* _Task brief_:
Could the data below be retyped exactly, without its pictures?

* _Dataset content_:
--- START ---
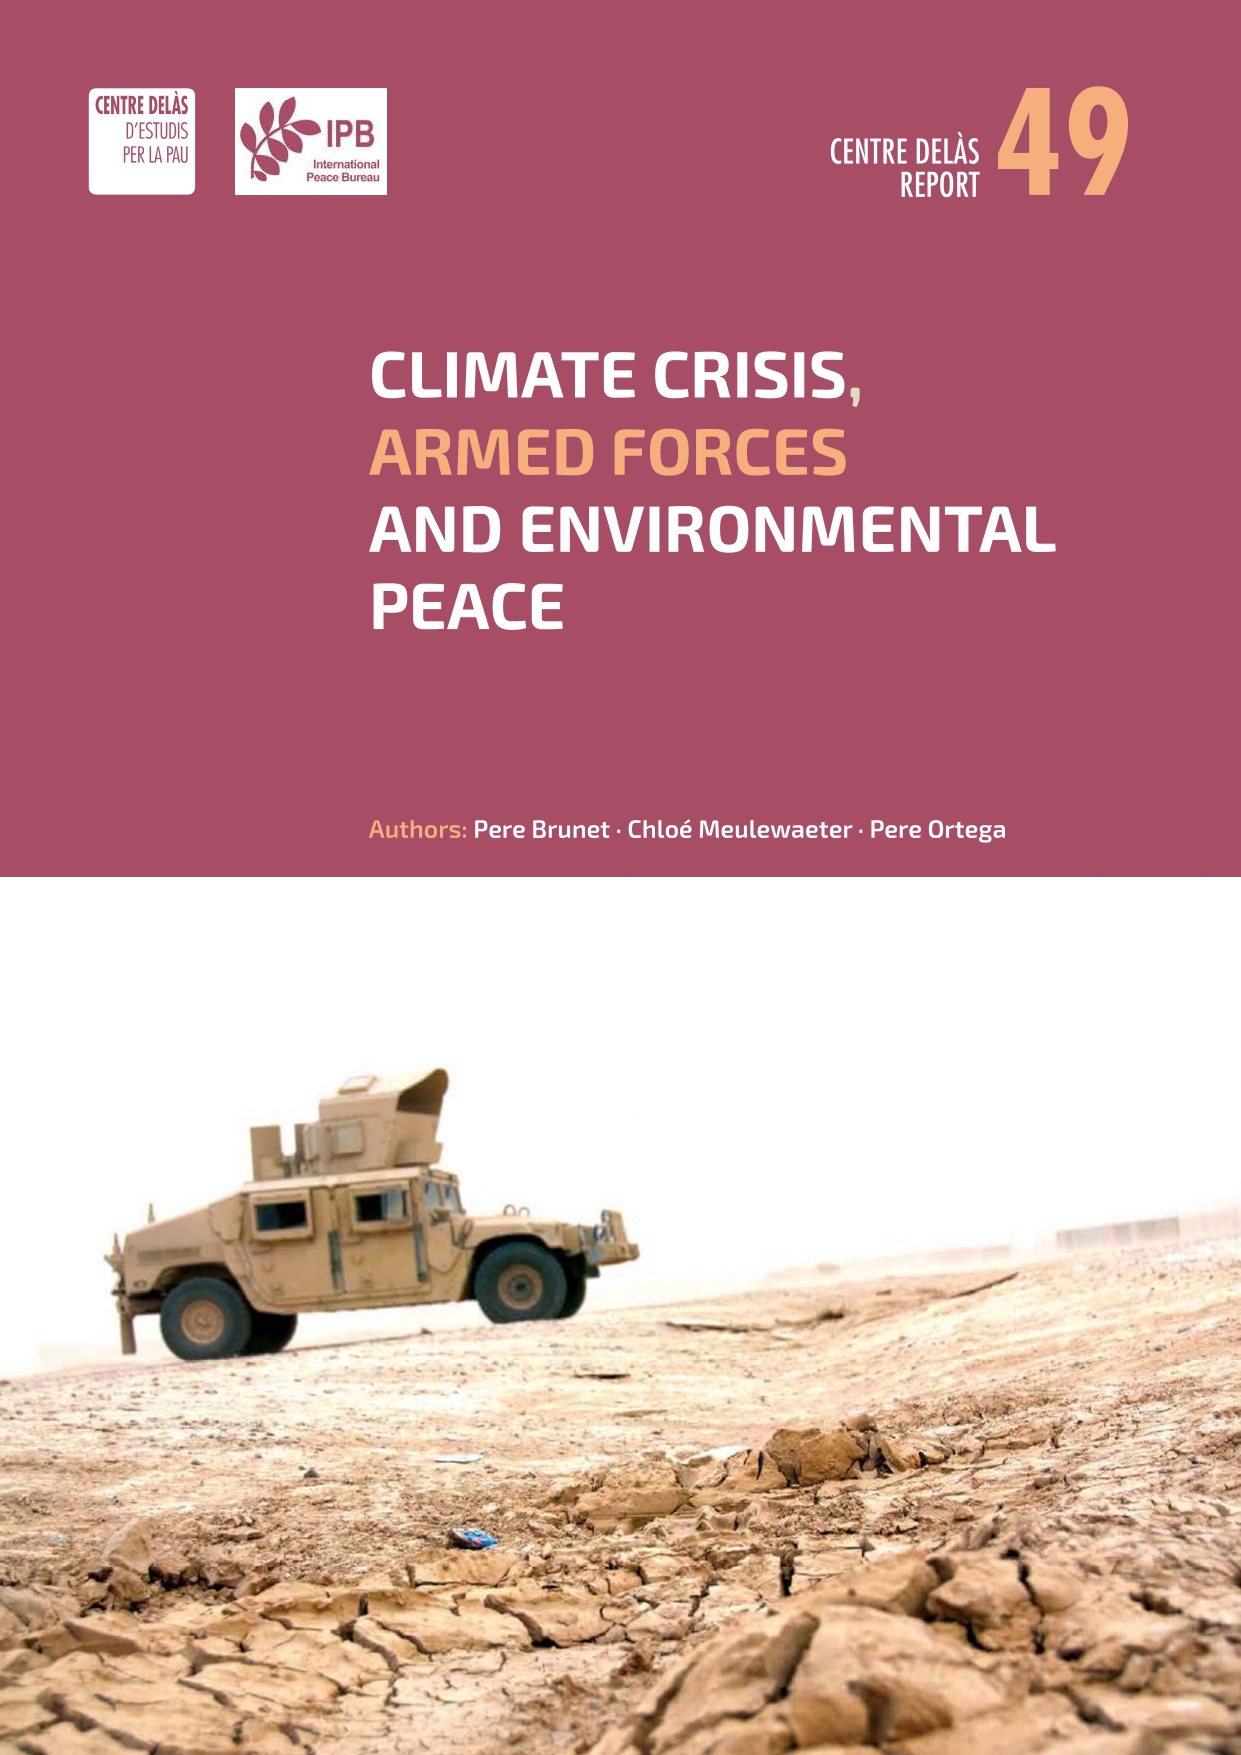 Report 49: “Climate crisis, armed forces and environmental peace”
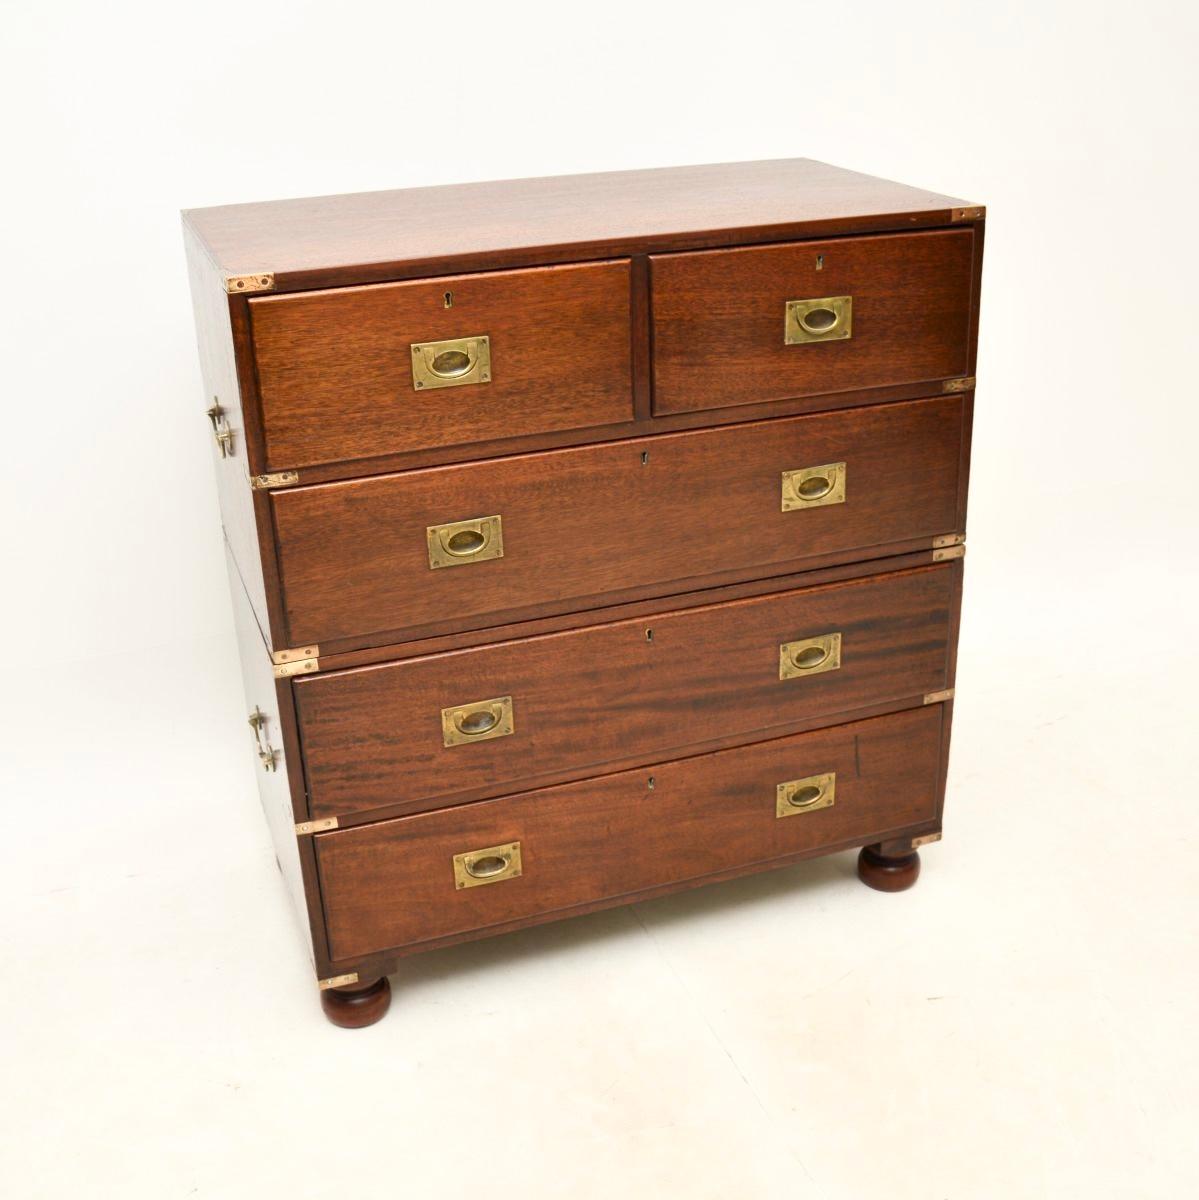 A smart and very well made antique military campaign chest of drawers. This was made in England, it dates from around the 1920-30’s.

It is of superb quality and is a great size, the top half lifts off the bottom half for ease of transport. The wood
--- END ---
* _Written solution_:
 Report 49: “Climate crisis, armed forces and environmental peace”
 A smart and very well made antique military campaign chest of drawers. This was made in England, it dates from around the 1920-30’s.

It is of superb quality and is a great size, the top half lifts off the bottom half for ease of transport. The wood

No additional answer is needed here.